# Try it
Exactly retype the lines below from the one containing "전북지역 4개 마이스터고 2023년 신입생 모집" through the end of the listing. Leave pictures out.

# Dataset extract
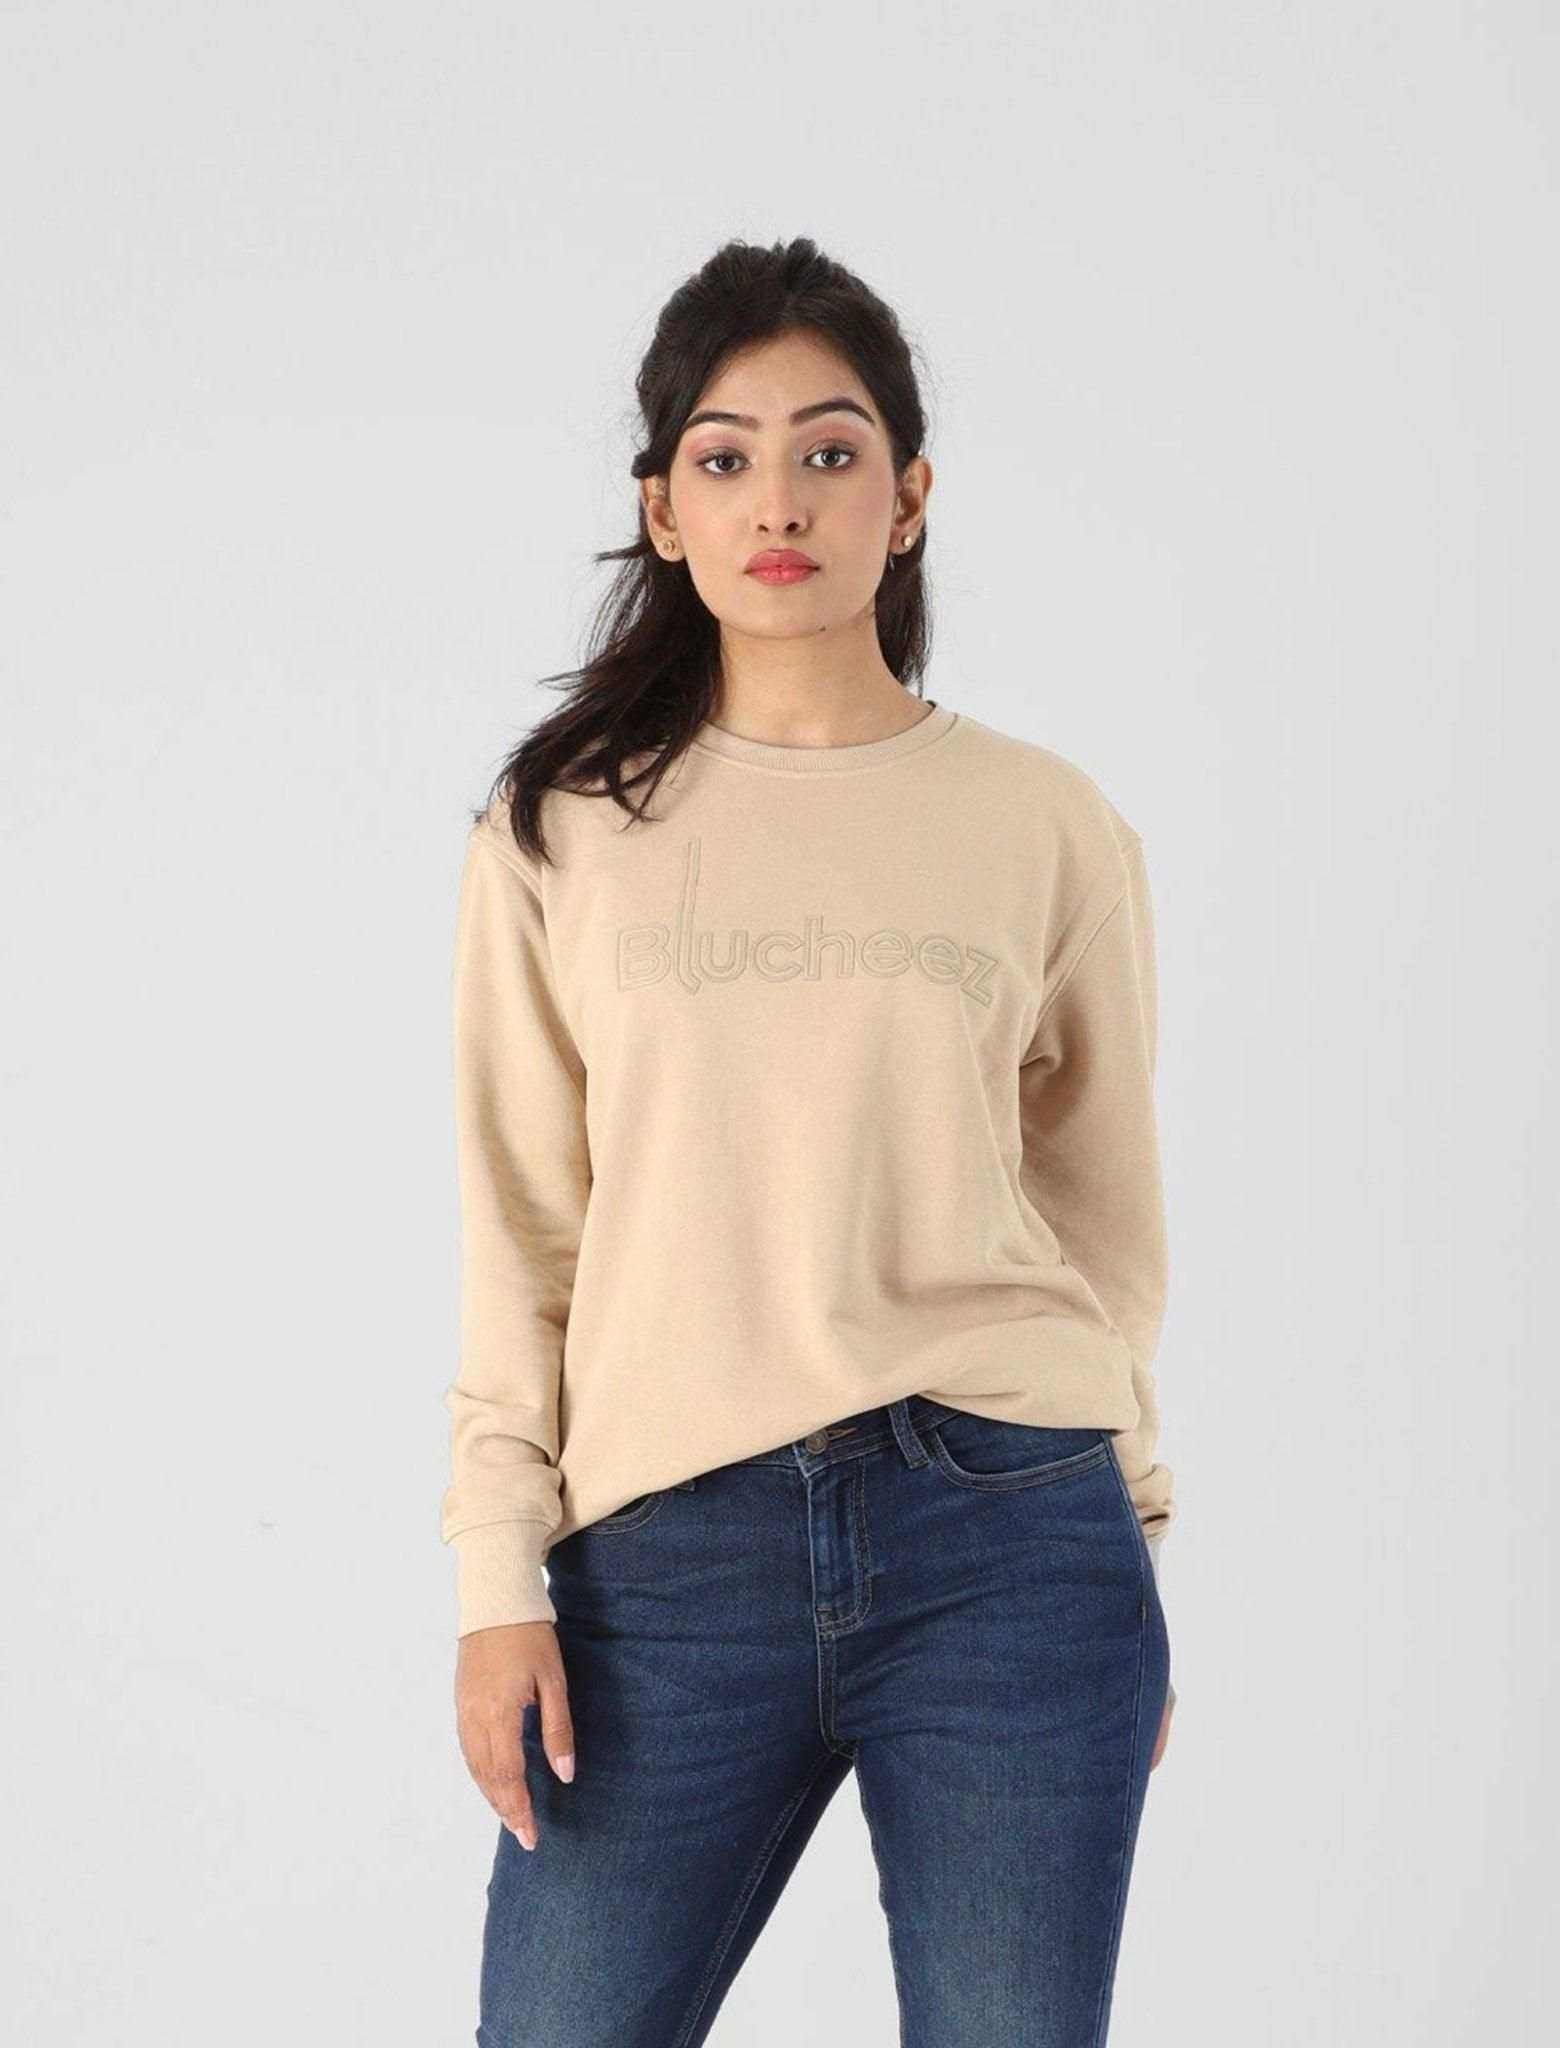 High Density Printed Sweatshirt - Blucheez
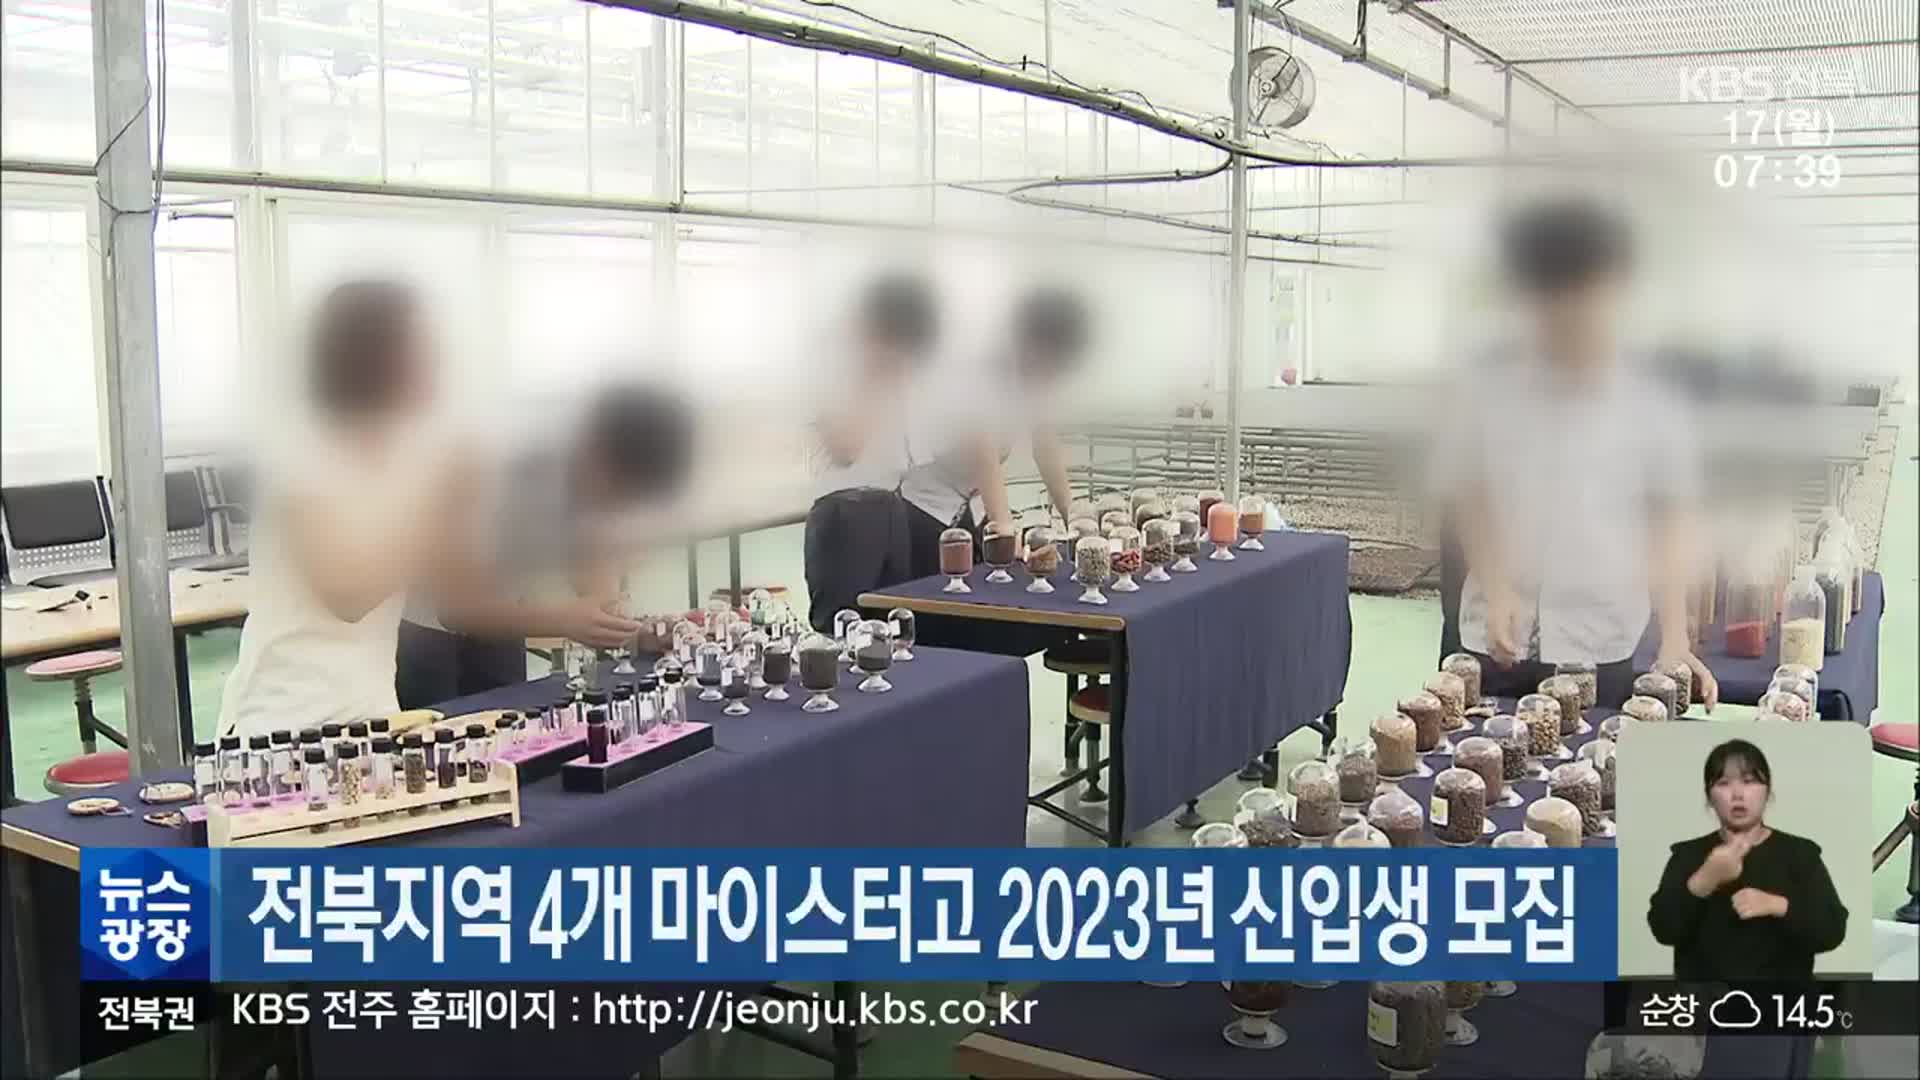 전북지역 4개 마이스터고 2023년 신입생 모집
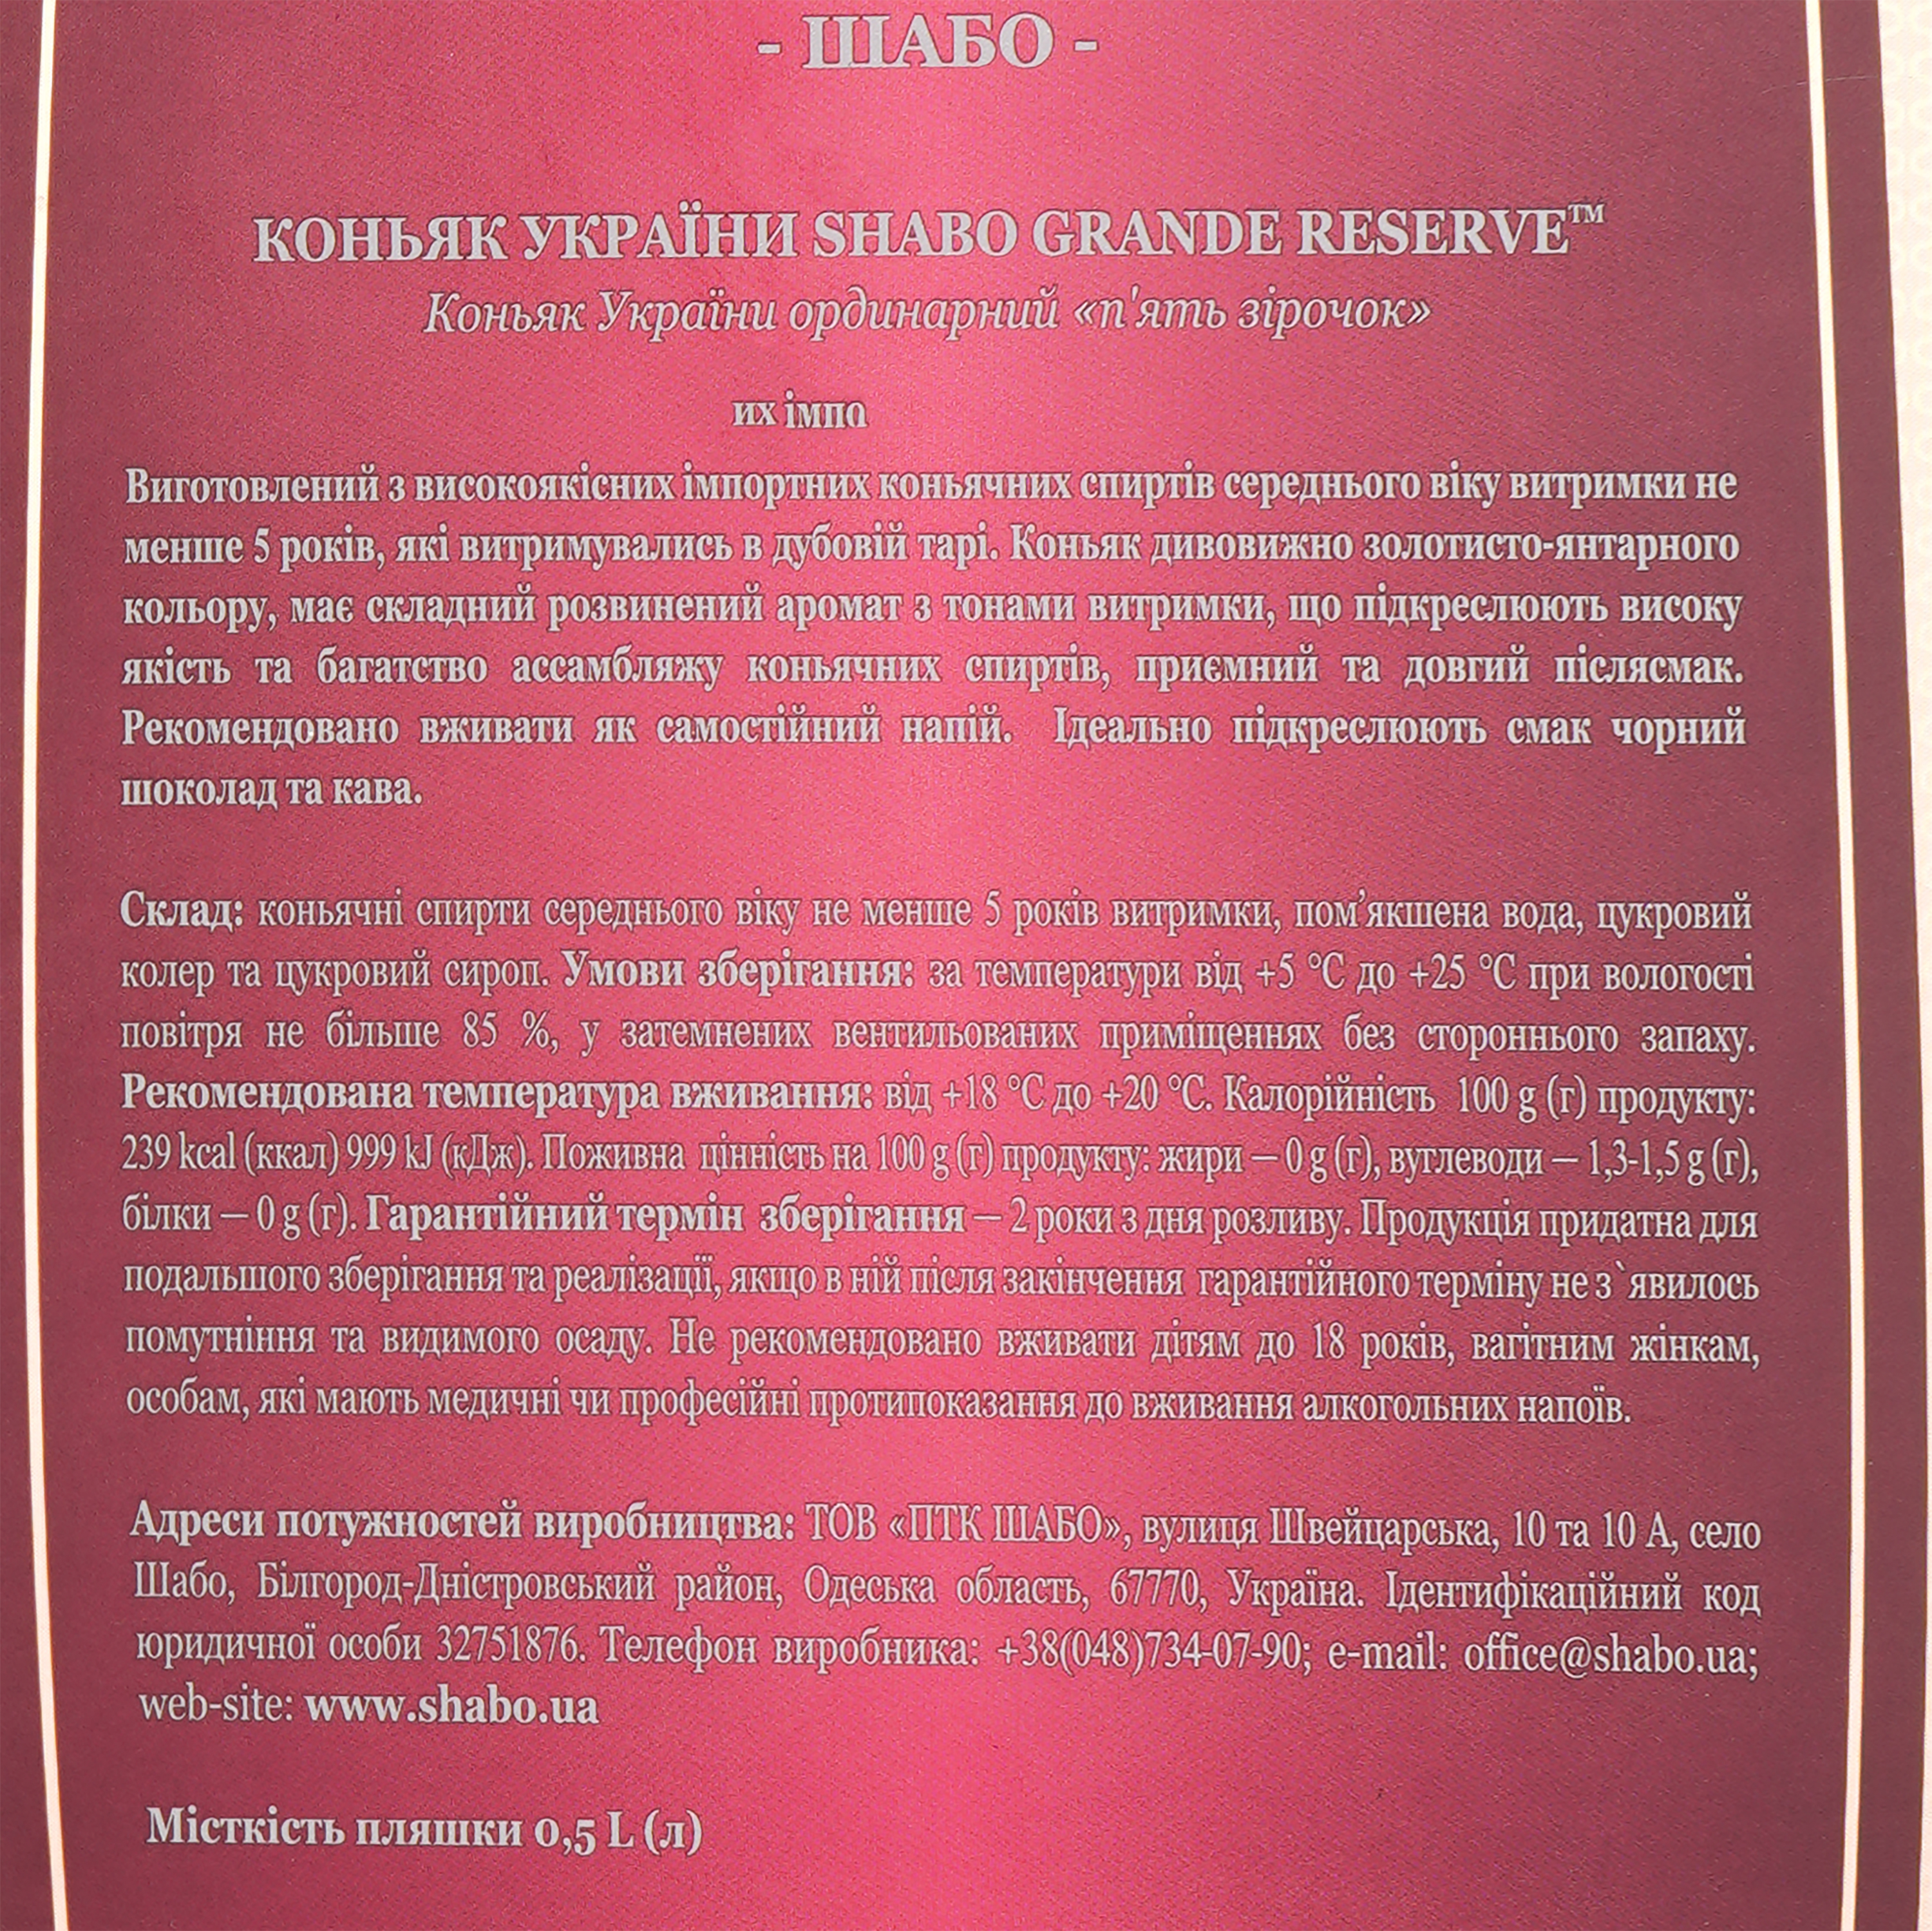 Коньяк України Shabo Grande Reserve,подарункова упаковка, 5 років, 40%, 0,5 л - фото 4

# Answer for the task
 전북지역 4개 마이스터고 2023년 신입생 모집
 Коньяк України Shabo Grande Reserve,подарункова упаковка, 5 років, 40%, 0,5 л - фото 4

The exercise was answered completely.